I’m not sure how the weights work for any other type of matching procedure in psmatch2, and having spent a couple of hours goofing around with Stata, I have no desire to find out.
But this reminds me of an email exchange with someone I consider to be an international expert on matching. When queried about a particular aspect of psmatch2, this person replied
I can never figure out what psmatch2 is doing, and that’s actually one of the reasons I don’t use it much and don’t tend to recommend it.
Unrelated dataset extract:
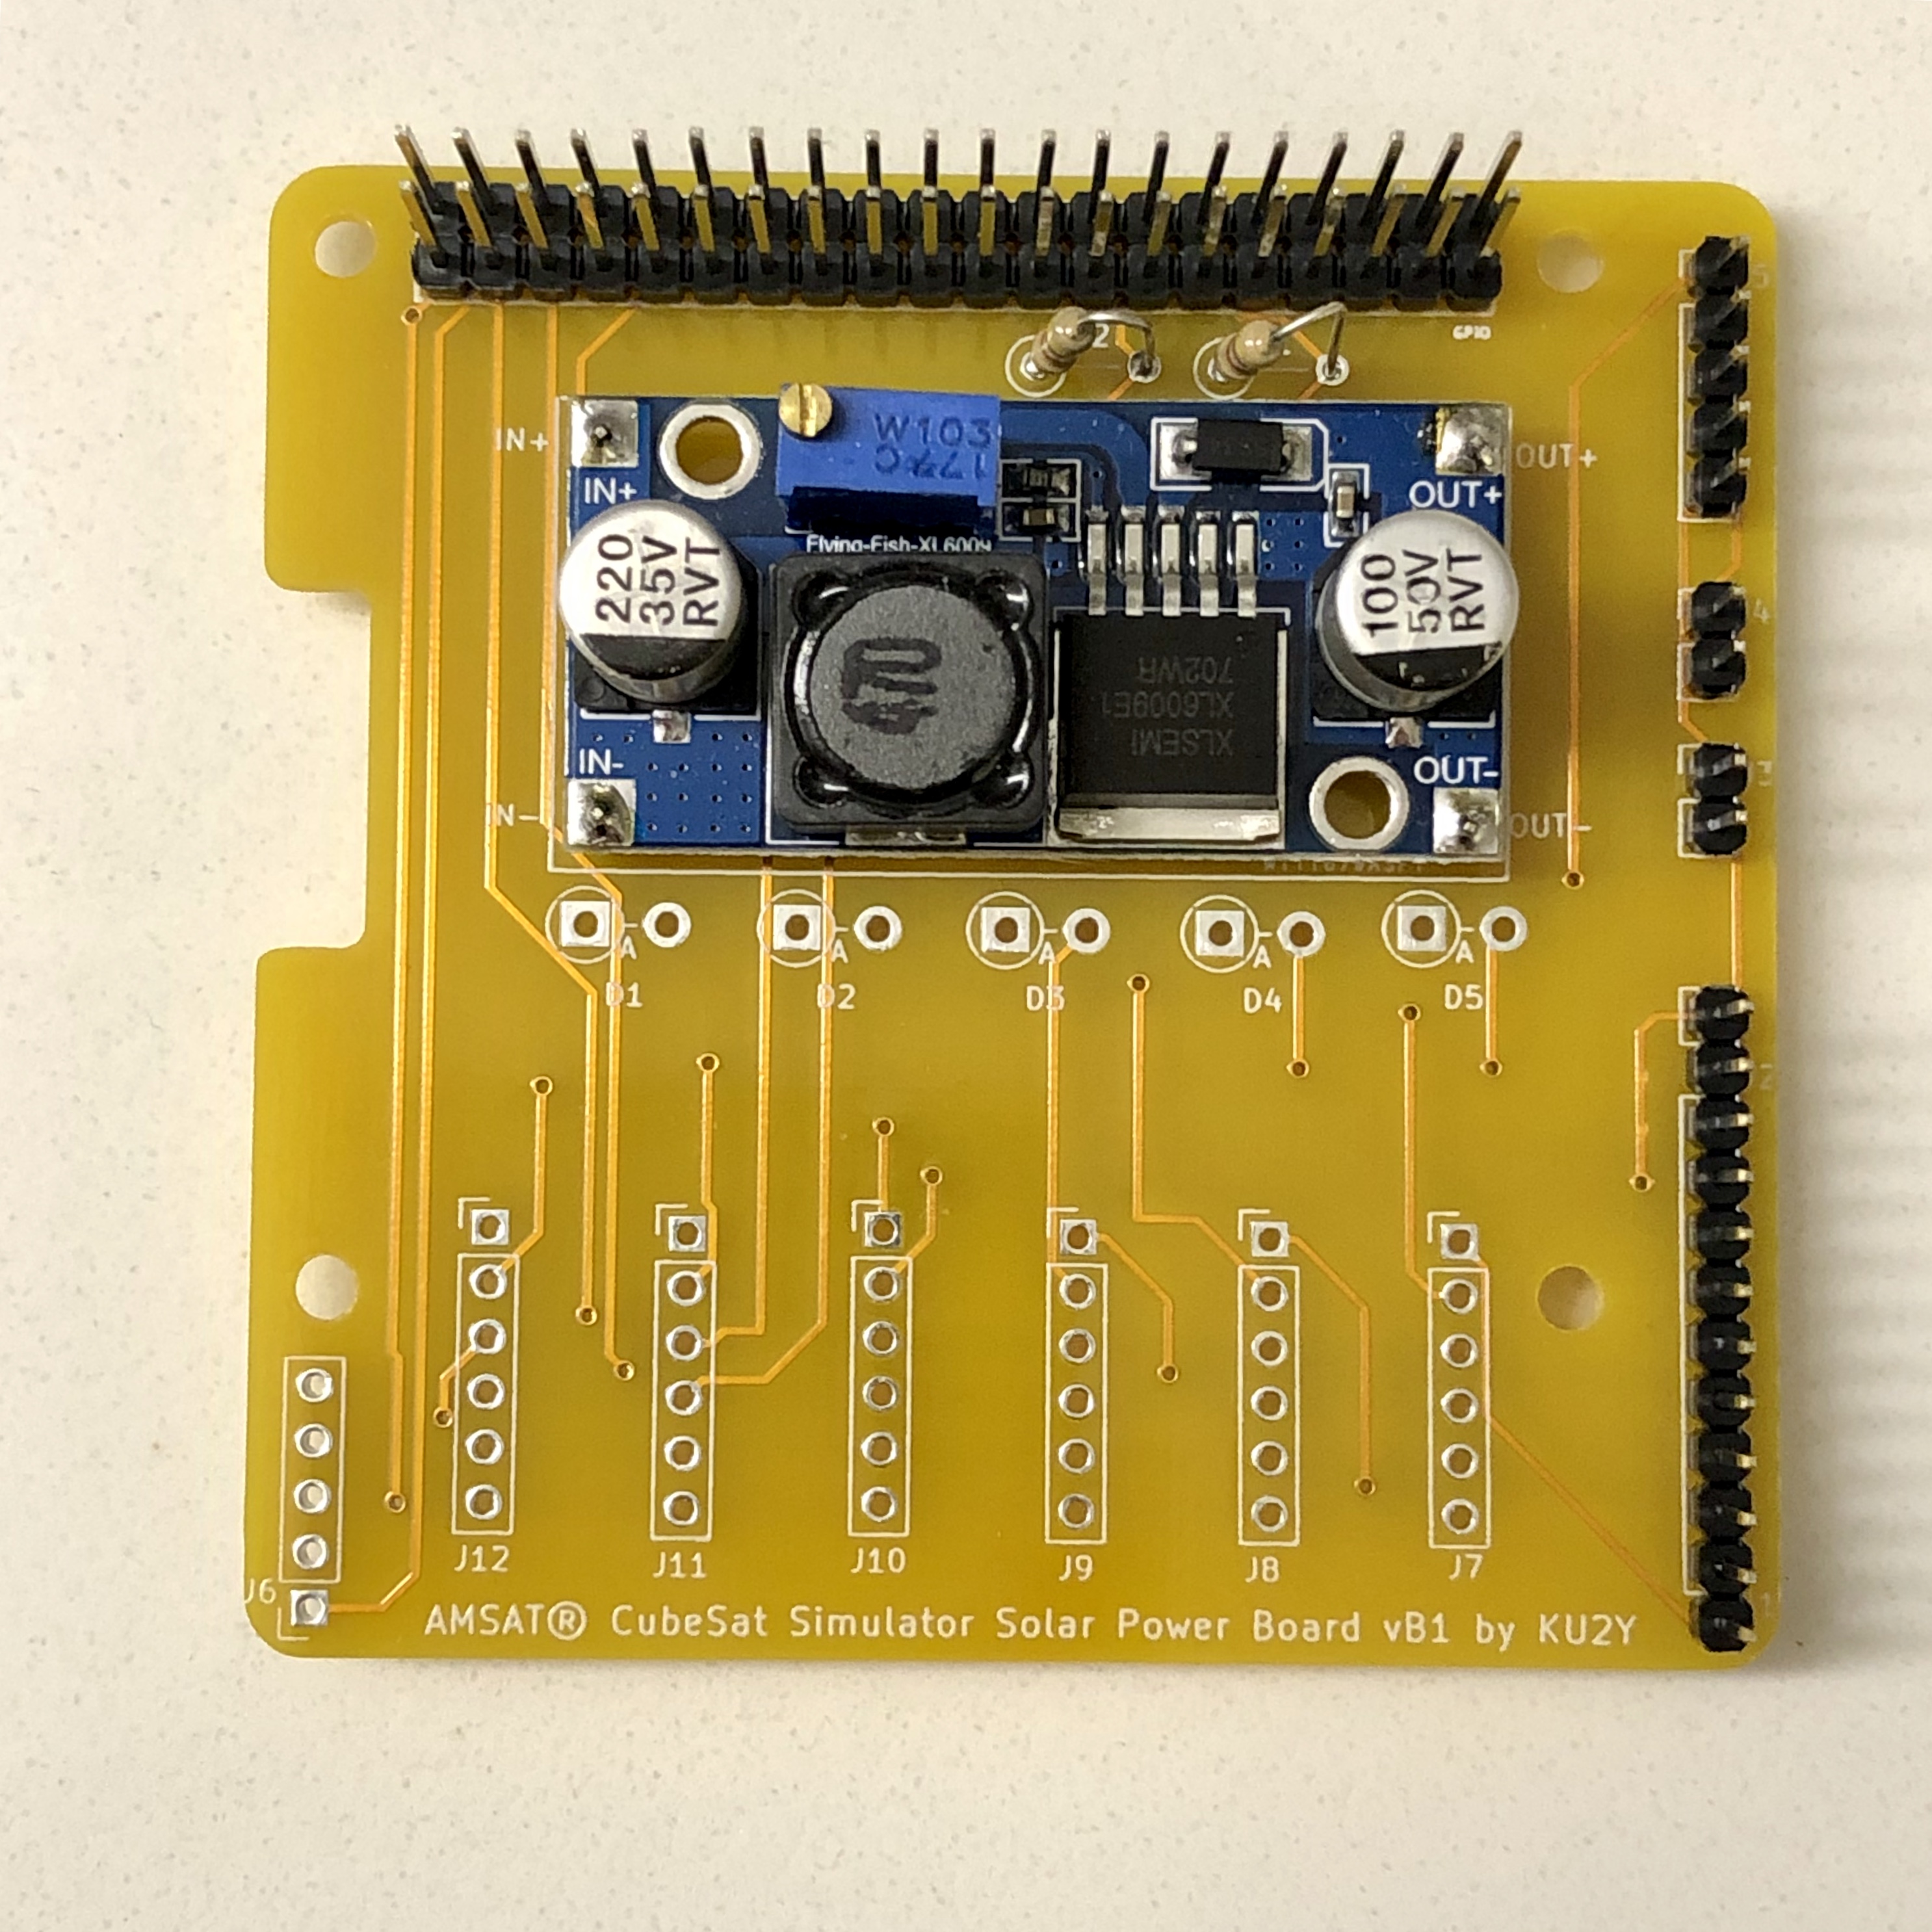 PCB with Boost Converter installed

The documentation isn’t very clear and there are a number of things where I think it should be doing something but then it’s not clear that it is.
Yikes! Not exactly a compelling endorsement. This is why I now recommend to my students that they avoid psmatch2: how can you justify using a software procedure if you have no idea what it is doing? Especially considering so many other procedures available for Stata, as well as matchit in R. But after struggling with the teffects command in Stata, I now recommend psmatch2 due to its ease of use.
IMPORTANT NOTE: You should understand that these weights are not inverse propensity weights. Inverse propensity weights are derived directly from the propensities, and reflect the probability of treatment. The weights in psmatch2 are the result of the matching process, and reflect how many times a unit was matched during the matching process.